Кудасов провел ладонью по лицу, будто смахивал с нее невидимую паутину, и повернулся к Резакову:
— Поехали на базу, там с этим Дедушкой Мазаем и поговорим. Голуби, значит…
Никита хмыкнул и направился к выходу с чердака. Он не видел, каким странным и совсем не сумасшедшим взглядом проводил его закованный в наручники старик.
Перекуривая на улице в ожидании, пока Кораблева выведут из дома и усадят в служебную «семерку», Вадим Резаков с удивлением наблюдал за своим шефом — с Кудасовым творилось что-то непонятное: он все время морщился и потирал пальцами лоб. То ли у него голова снова разболелась, то ли он что-то напряженно вспоминал… Когда старика наконец вывели, Никита Никитич буквально впился глазами в его лицо, потом перевел отсутствующий взгляд на Вадима:
— Лешка приехал уже?
Резаков кивнул.
— Отлично, тогда трогаемся на базу. Там и перекусим. Мы в голове, остальные — за нами…
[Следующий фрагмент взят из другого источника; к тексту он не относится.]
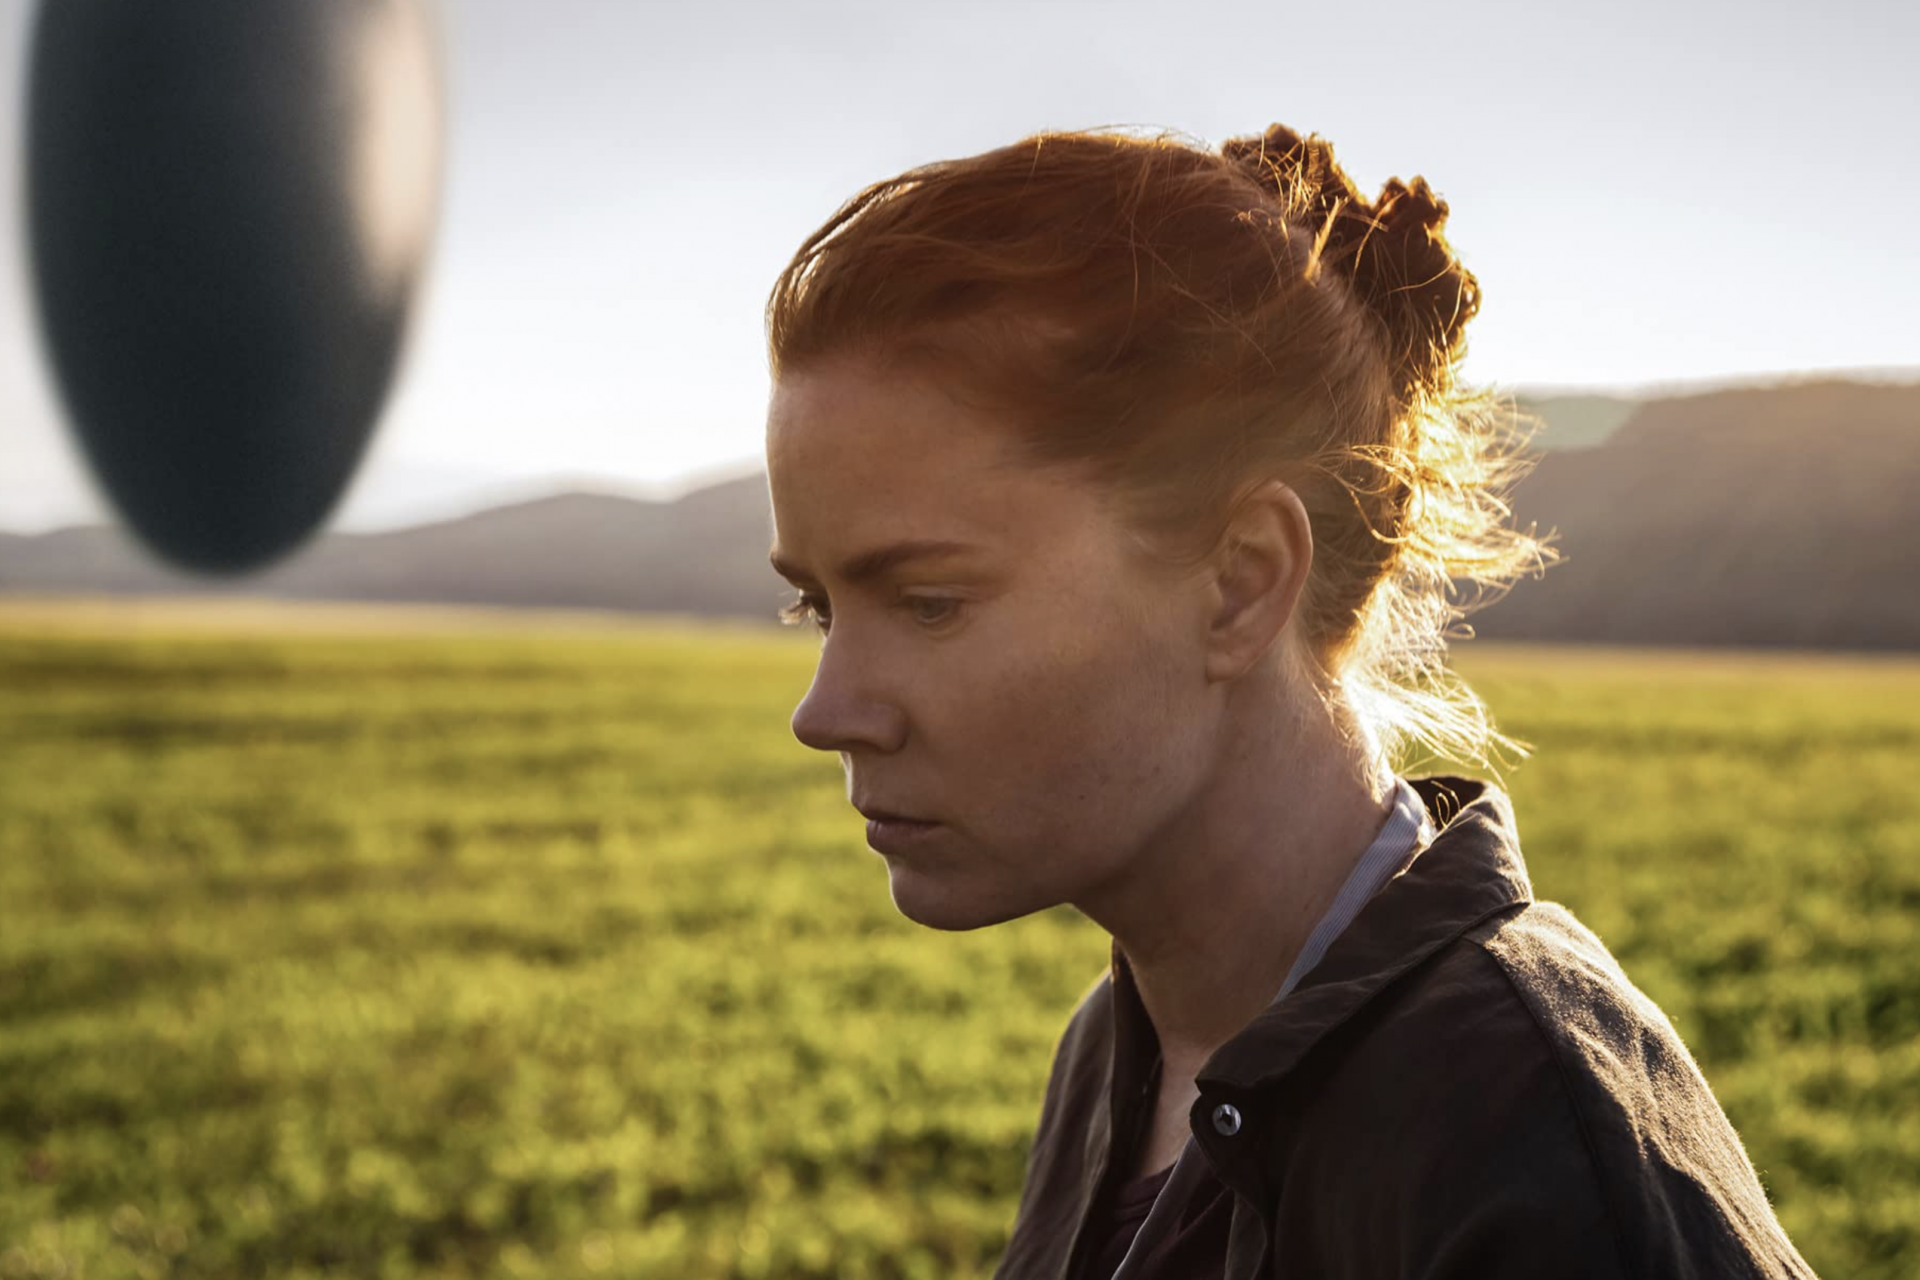 <p>Arrival - A contemporary classic in which aliens arrive on Earth with an a priori indecipherable message that turns out to be related to time.</p> <p>Photo: Paramount Pictures</p>

В машине Кудасов закрыл глаза и привалился правым виском к холодному стеклу окошка. Резаков и Семенов молчали. Никита стиснул зубы и в который уже раз мысленно представил себе лицо Кораблева — ему не давало покоя ощущение, что он где-то его уже видел… Где? Когда? Может быть, старик просто похож на кого-то? Кудасов вздохнул, и, не открывая глаз, постарался разбить лицо Мазая на фрагменты: лоб высокий, морщинистый, волосы прямые, короткие, седоватые. Раньше, видимо, были русыми… Брови густые, дугообразные. Нос хрящеватый, средний, прямой, щеки впалые. Уши средние, прижатые. Подбородок — округлый, без ямочки, выступающий. Губы — узкие, бледные. Глаза… Глаза серые, средние, веки чуть опущенные, набрякшие, на левом веке красноватая родинка.
Родинка… На левом веке красноватая родинка… Красноватая родинка на левом веке!!
— Стой! — хрипло сказал, выпрямляясь в кресле, Кудасов. — Леша, стой!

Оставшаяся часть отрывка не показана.